Visão geral do fluxo de trabalho de abordagens de diagnóstico genômico em tempo real (acima) e clinicamente estabelecido (abaixo) para identificação de espécies de patógenos e perfil de resistência a antibióticos – Imagem: extraída do artigo
Para o pesquisador do IQ, o trabalho demonstra como a genômica em tempo real, usando o sequenciamento por nanoporos (vazios na estrutura do genoma), pode melhorar a detecção de resistência oculta a antibióticos em infecções complexas, particularmente nos casos em que os diagnósticos estabelecidos falham. “O método envolve sequenciar DNA bacteriano diretamente, seguido por análise bioinformática para identificar as espécies de bactéria e prever genes de resistência a antibióticos”, destaca. “Essa tecnologia permite que a análise dos dados seja feita enquanto o sequenciamento ainda está em progresso, o que já rende resultados em poucas horas após o atendimento.”
“Foi estudada uma infecção pela bactéria Klebsiella pneumoniae multirresistente para demonstrar que a genômica em tempo real podia detectar um plasmídeo [molécula de DNA] escasso que codificava uma resistência clinicamente relevante, não detectada pelos métodos existentes”, descreve Fonseca Atum. A Klebsiella pneumoniae causa pneumonia e infecções hospitalares, em especial no aparelho urinário e em feridas. “Além de concordar com os resultados dos métodos tradicionais, nossa abordagem de genômica em tempo real permitiu identificar um subtipo raro de carbapenemase não encontrado quando o paciente entrou na clínica, mas que se tornou dominante após o tratamento com antibióticos.”
“Isso mostra o impacto potencial da genômica em tempo real no gerenciamento clínico, uma vez que não só teria oferecido previsões de resistência mais rápidas, mas também mais precisas, com impactos potenciais no resultado final do paciente”, salienta o pesquisador do IQ. “Para que a genômica em tempo real seja integrada ao fluxo dos trabalhos clínicos de rotina, é necessária uma validação mais ampla, ela deve superar consistentemente os diagnósticos estabelecidos em vários cenários e amostras.”
“Além disso, soluções em grande escala e com boa relação custo-benefício serão necessárias, principalmente em cenários de baixa e média renda, onde as resistências antimicrobianas começaram a ser uma pandemia ‘silenciosa’, com muitas mortes associadas”, enfatiza Fonseca Atum. “É importante ressaltar que essa abordagem não pretende substituir os diagnósticos baseados em cultura, mas sim complementá-los, fornecendo detecção de resistência mais rápida e precisa, principalmente em casos em que os métodos tradicionais falham.
A pesquisa genômica foi conduzida no Instituto Helmholtz AI em Munique (Alemanha), enquanto as culturas foram inoculadas e mantidas no Instituto de Microbiologia Médica, Imunologia e Higiene da Universidade Técnica de Munique.

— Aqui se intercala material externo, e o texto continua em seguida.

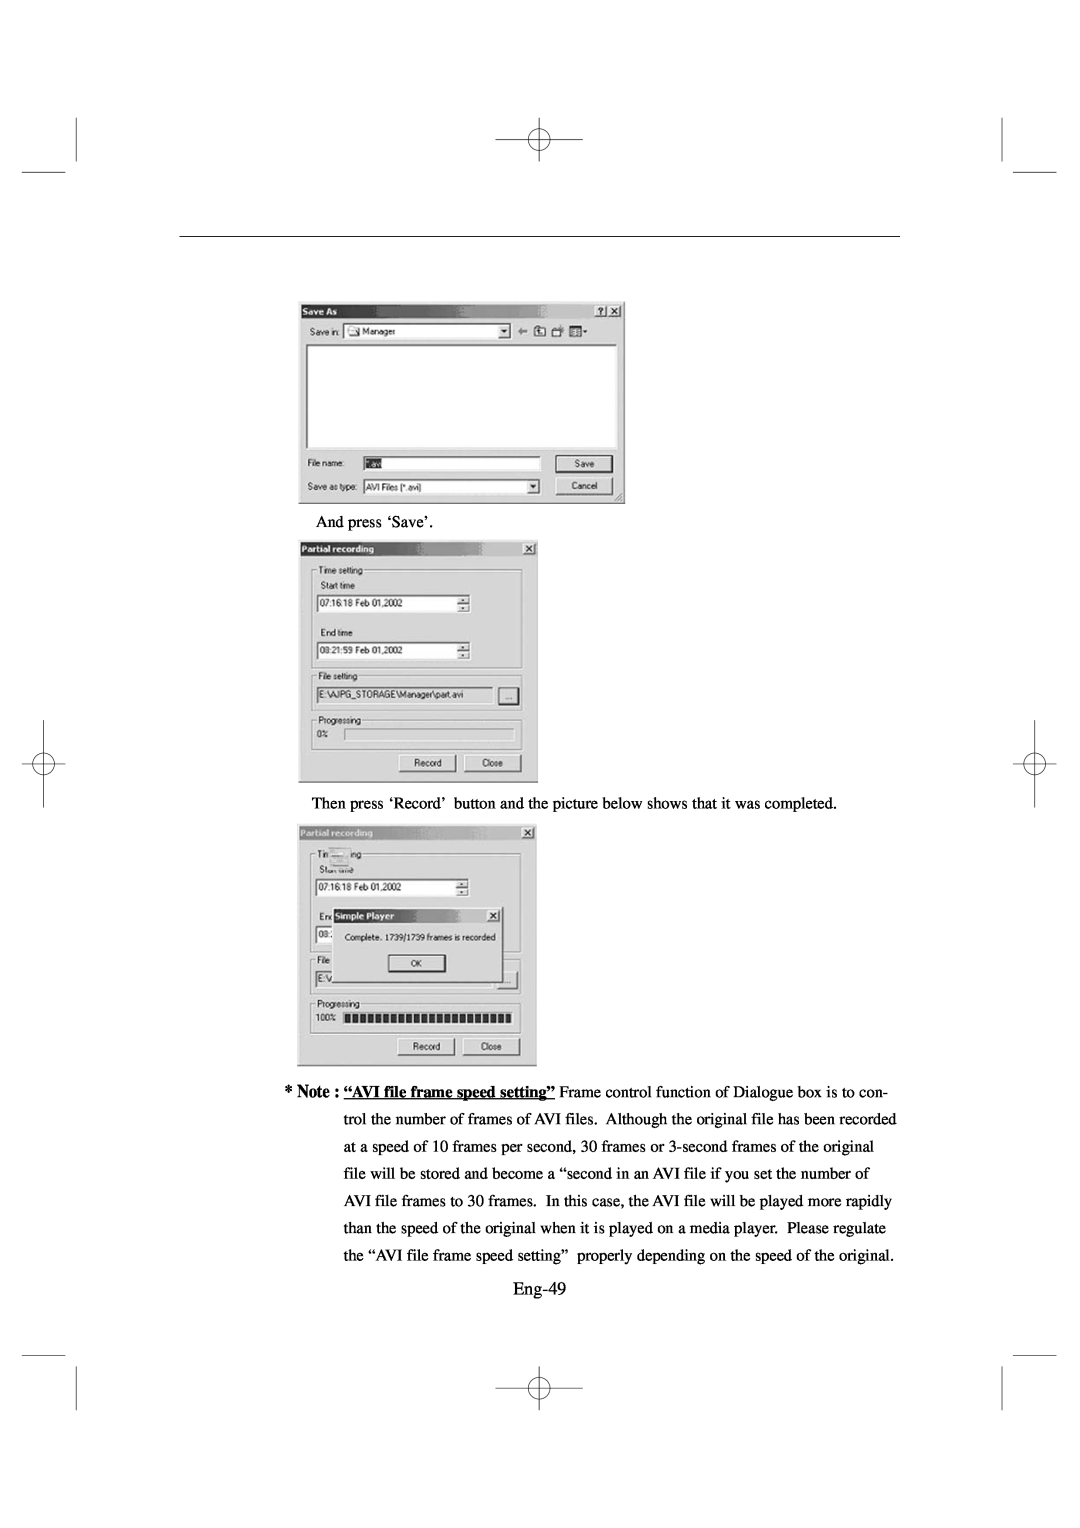 Samsung SSC17WEB manual Eng-49

Os autores do artigo são Ela Sauerborn, Nancy Carolina Corredor, Tim Reska, Albert Perlas, Samir Vargas da Fonseca Atum, Nick Goldman, Nina Wantia, Clarissa Prazeres da Costa, Ebenezer Foster-Nyarko e Lara Urban. Os pesquisadores também são afiliados ao Centro Alemão de Pesquisa de Infecções, na cidade alemã de Braunschweig, Instituto Europeu de Bioinformática e London School of Hygiene & Tropical Medicine (Reino Unido), e à USP, através do Departamento de Bioquímica do IQ.